As we already said we must know the series for both $\cos \theta$and $\sin \theta$.
So the maclaurin series are
${{e}^{x}}=1+x+\dfrac{{{x}^{2}}}{2!}+\dfrac{{{x}^{3}}}{3!}+\dfrac{{{x}^{4}}}{4!}+\dfrac{{{x}^{5}}}{5!}+....$
$\sin x=x-\dfrac{{{x}^{3}}}{3!}+\dfrac{{{x}^{5}}}{5!}+\dfrac{{{x}^{7}}}{7!}+\dfrac{{{x}^{9}}}{9!}+.....$
$\cos x=1-\dfrac{{{x}^{2}}}{2!}+\dfrac{{{x}^{4}}}{4!}+\dfrac{{{x}^{6}}}{6!}+\dfrac{{{x}^{8}}}{8!}+.....$
So, these are the three maclaurin series that we will use in our problem. These series are obtained by substituting the values in the above formulas given.
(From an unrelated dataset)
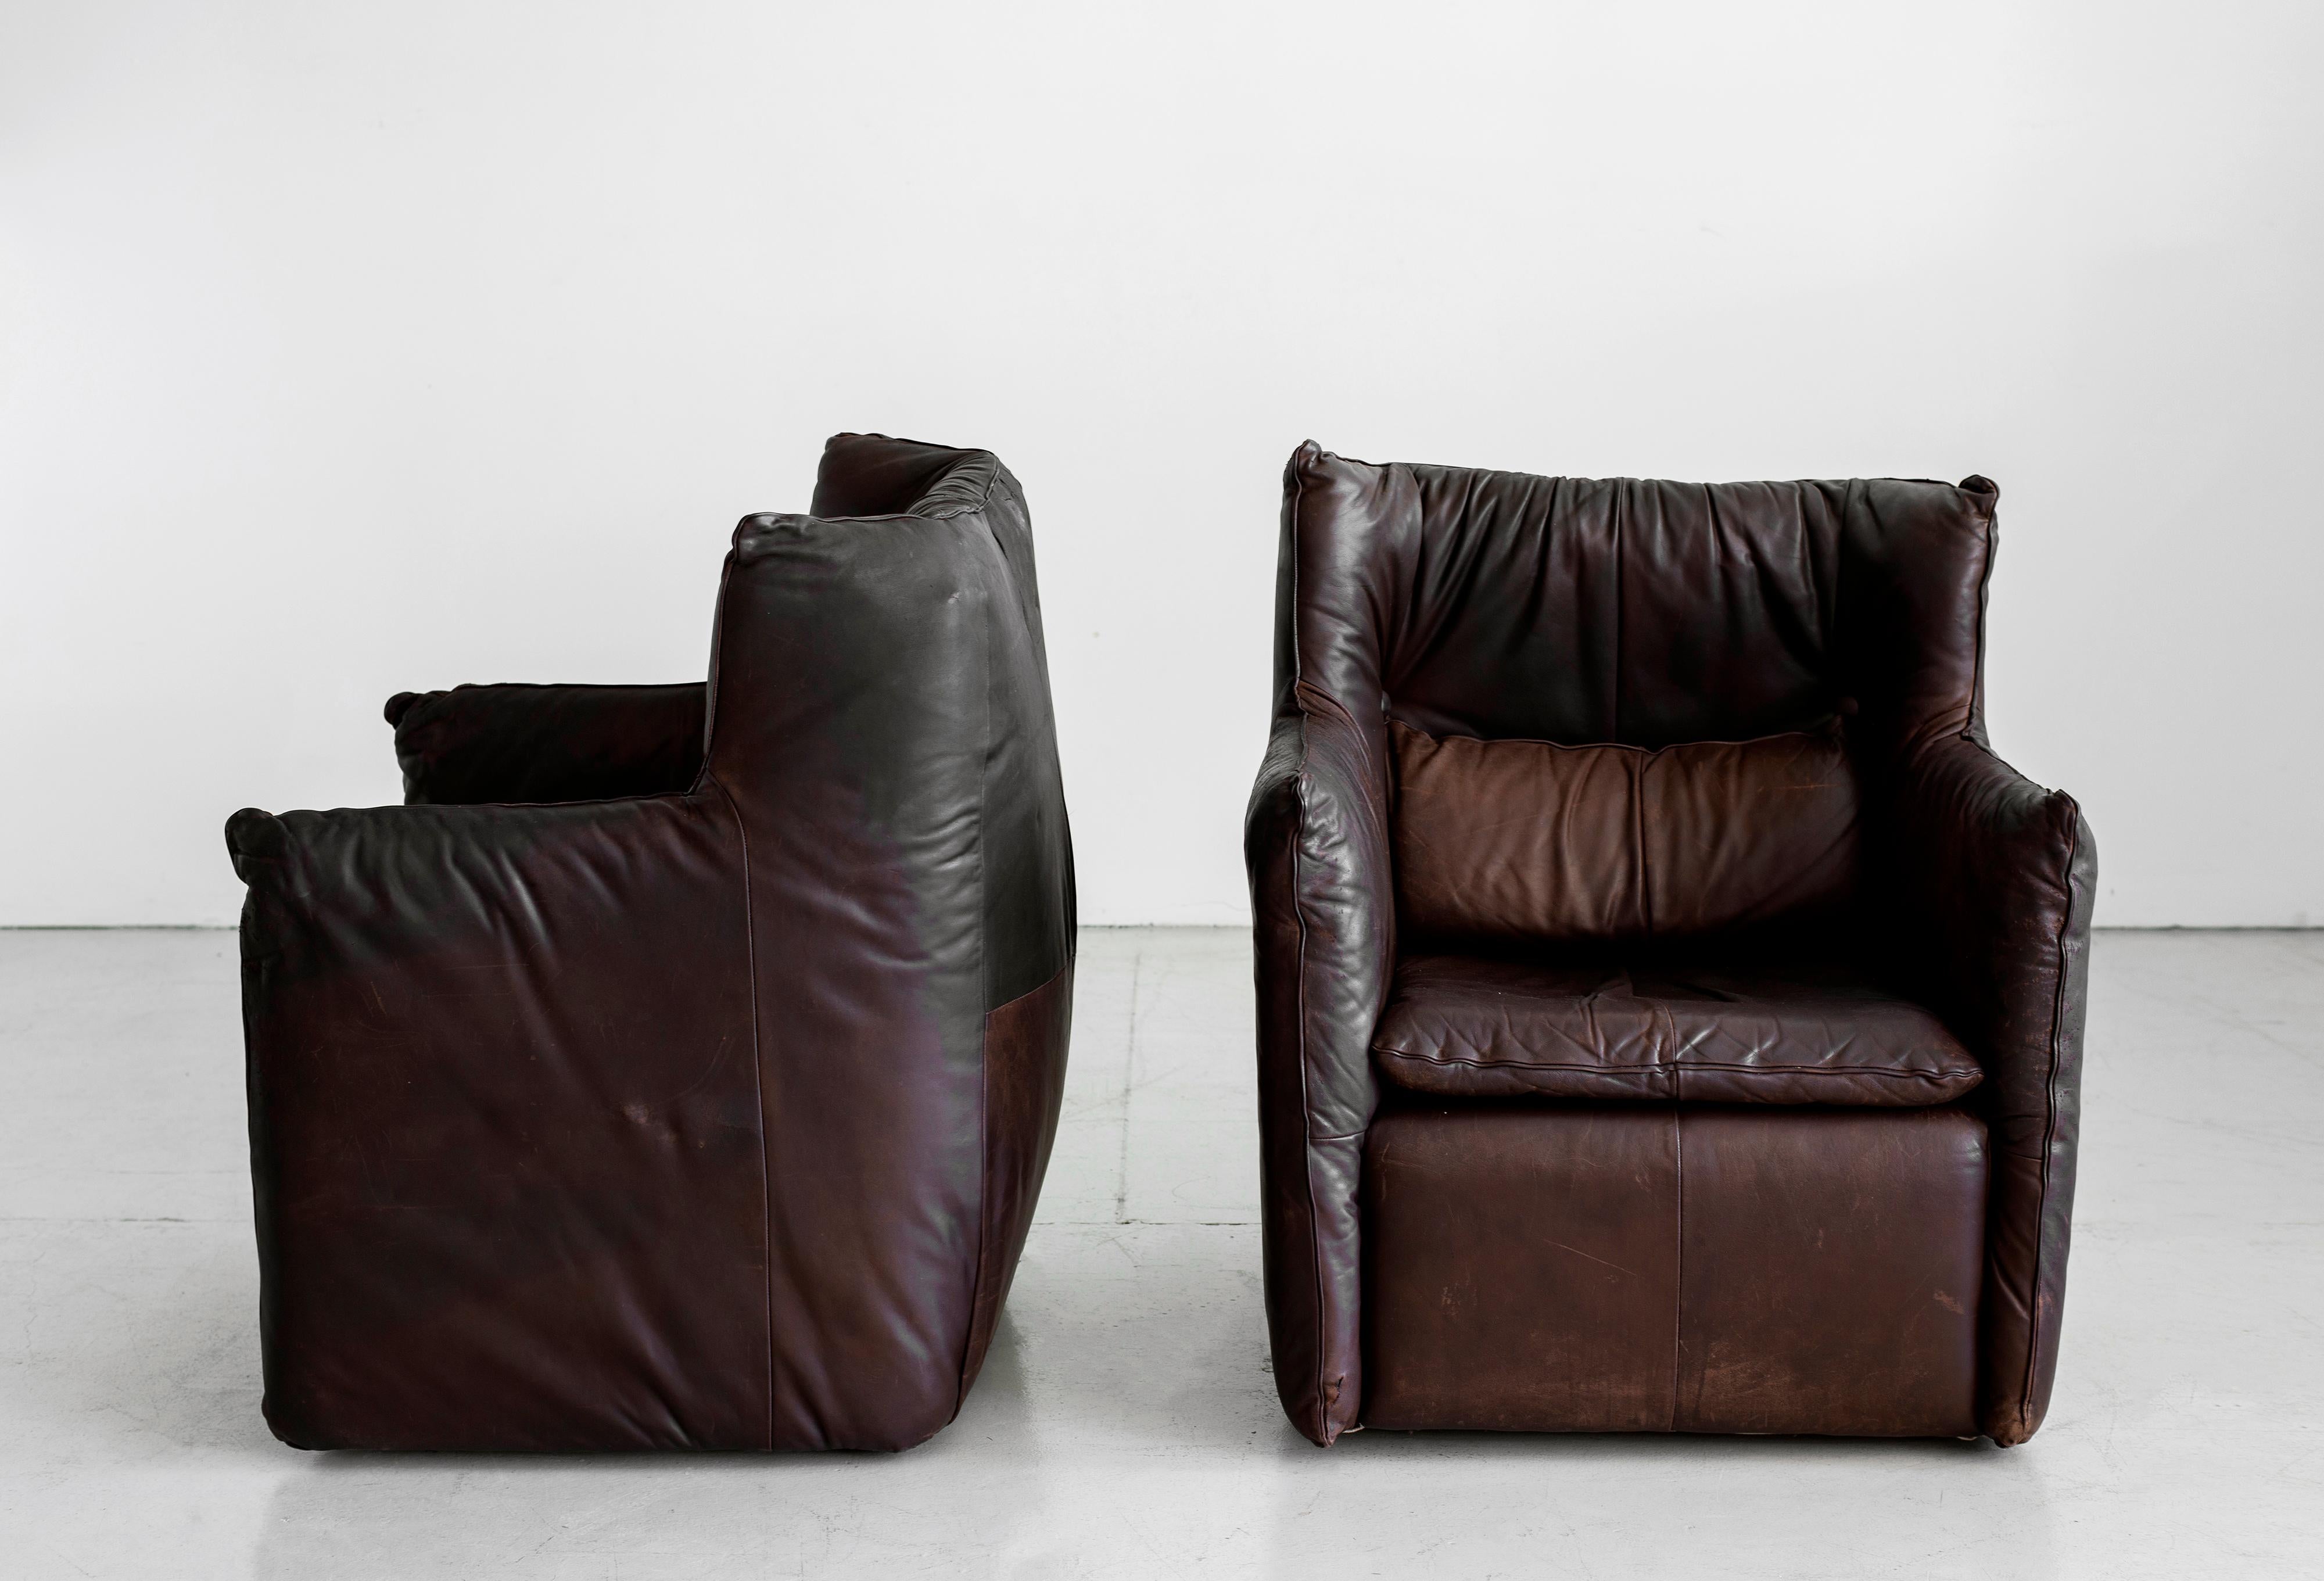 Great pair of leather lounge chairs by Gerard Van Den Berg. Original chocolate brown leather upholstery. Removable lower lumbar pillow attached with button and loop detail. Supple leather has beautiful age and patina with some small pinhole cracks.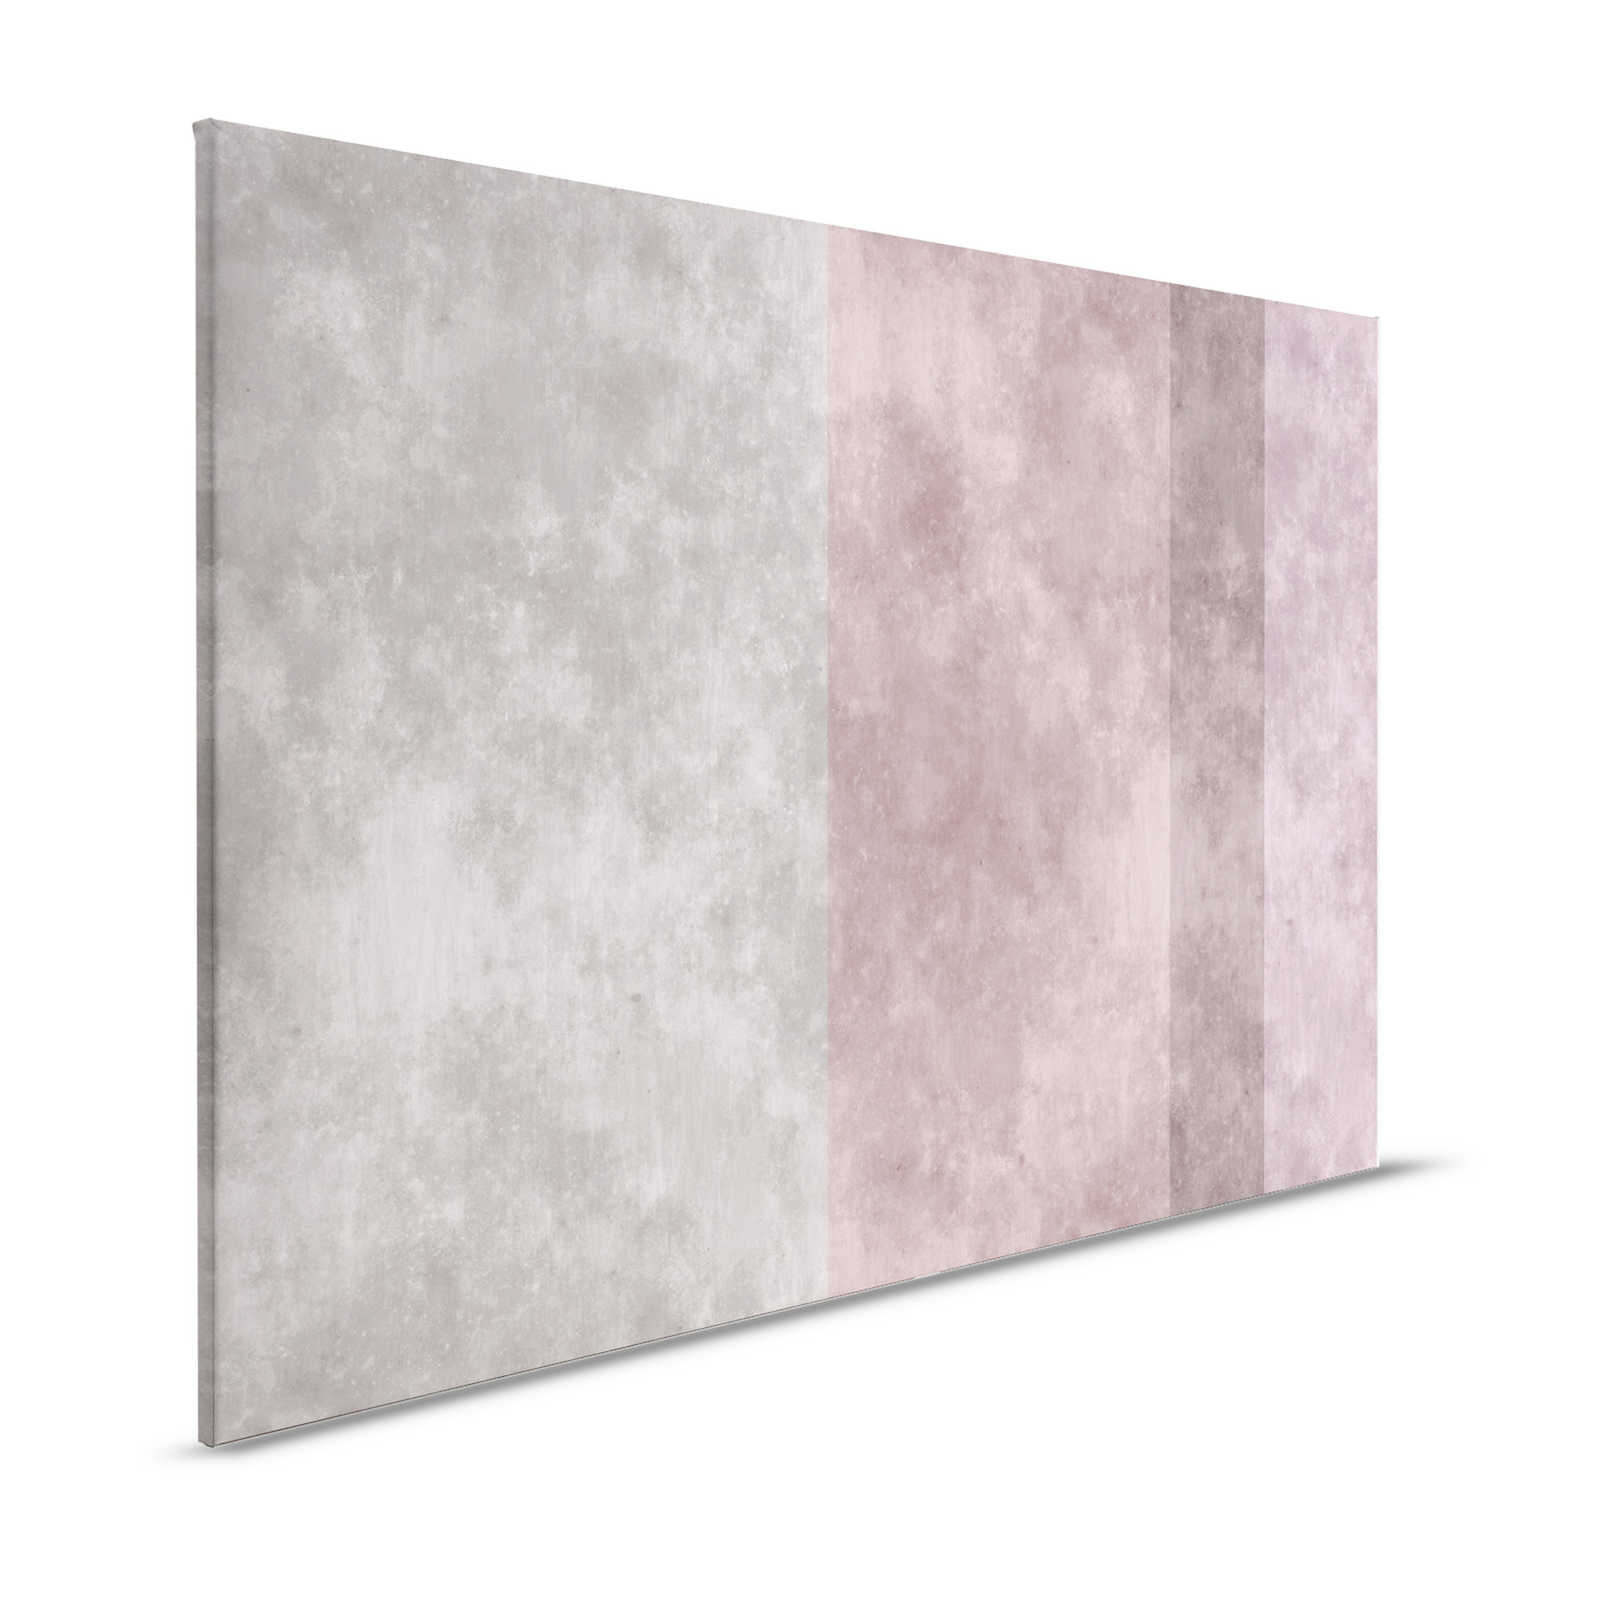 Concrete-look canvas picture with stripes | grey, pink - 1.20 m x 0.80 m

Now , our problem is to prove ${{e}^{i\theta }}=\cos \left( \theta \right)+i\sin \left( \theta \right)$
We already have the series of ${{e}^{x}}$ so the series of ${{e}^{i\theta }}$ will be obtained by substituting the $i\Theta$ in place of $x$ then the series will look like
${{e}^{i\theta }}=1+i\theta +\dfrac{i{{\theta }^{2}}}{2!}+\dfrac{i{{\theta }^{3}}}{3!}+\dfrac{i{{\theta }^{4}}}{4!}+\dfrac{i{{\theta }^{5}}}{5!}+....$
As we all know that ${{i}^{2}}=1$ so $i$ in even terms will become 1 then
$\Rightarrow 1+i\theta -\dfrac{{{\theta }^{2}}}{2!}-\dfrac{i{{\theta }^{3}}}{3!}+\dfrac{{{\theta }^{4}}}{4!}+\dfrac{i{{\theta }^{5}}}{5!}-\dfrac{{{\theta }^{6}}}{6!}+.....$
\Rightarrow \left\\{ 1-\dfrac{{{\theta }^{2}}}{2!}+\dfrac{{{\theta }^{4}}}{4!}-\dfrac{{{\theta }^{6}}}{6!}+... \right\\}+\left\\{ i\theta -\dfrac{i{{\theta }^{3}}}{3!}+\dfrac{i{{\theta }^{5}}}{5!}+.... \right\\}
Now taking $i$common from second term then
\Rightarrow \left\\{ 1-\dfrac{{{\theta }^{2}}}{2!}+\dfrac{{{\theta }^{4}}}{4!}-\dfrac{{{\theta }^{6}}}{6!}+... \right\\}+i\left\\{ \theta -\dfrac{{{\theta }^{3}}}{3!}+\dfrac{{{\theta }^{5}}}{5!}+.... \right\\}
We already have $\cos x$ and $\sin x$ series by substituting $\theta$ in the series
$\sin \theta =\theta -\dfrac{{{\theta }^{3}}}{3!}+\dfrac{{{\theta }^{5}}}{5!}+\dfrac{{{\theta }^{7}}}{7!}+\dfrac{{{\theta }^{9}}}{9!}+.....$
$\cos \theta =1-\dfrac{{{\theta }^{2}}}{2!}+\dfrac{{{\theta }^{4}}}{4!}+\dfrac{{{\theta }^{6}}}{6!}+\dfrac{{{\theta }^{8}}}{8!}+.....$
Here we can observe the $\cos \Theta$ and $\sin \Theta$ series same as in our equation so we substitute these in that terms place
$\Rightarrow \cos \theta +i\sin \theta$
Hence we have proved
${{e}^{i\theta }}\Rightarrow \cos \theta +i\sin \theta$
Now using this we have to get the value of ${{e}^{i\pi }}+1$
So we get
${{e}^{i\pi }}=\cos \pi +i\sin \pi$
As we already know the values of $\cos \pi =-1$ and $\sin \pi =0$
$\Rightarrow -1+0$
So, we get
${{e}^{i\pi }}+1=0$
The value of ${{e}^{i\pi }}+1$ is 0

Note:
We can solve this question in this way or we directly have an identity called Euler’s identity. Using that we can solve the problem easily. We also have to know the taylor and maclaurin series formulas to solve this question.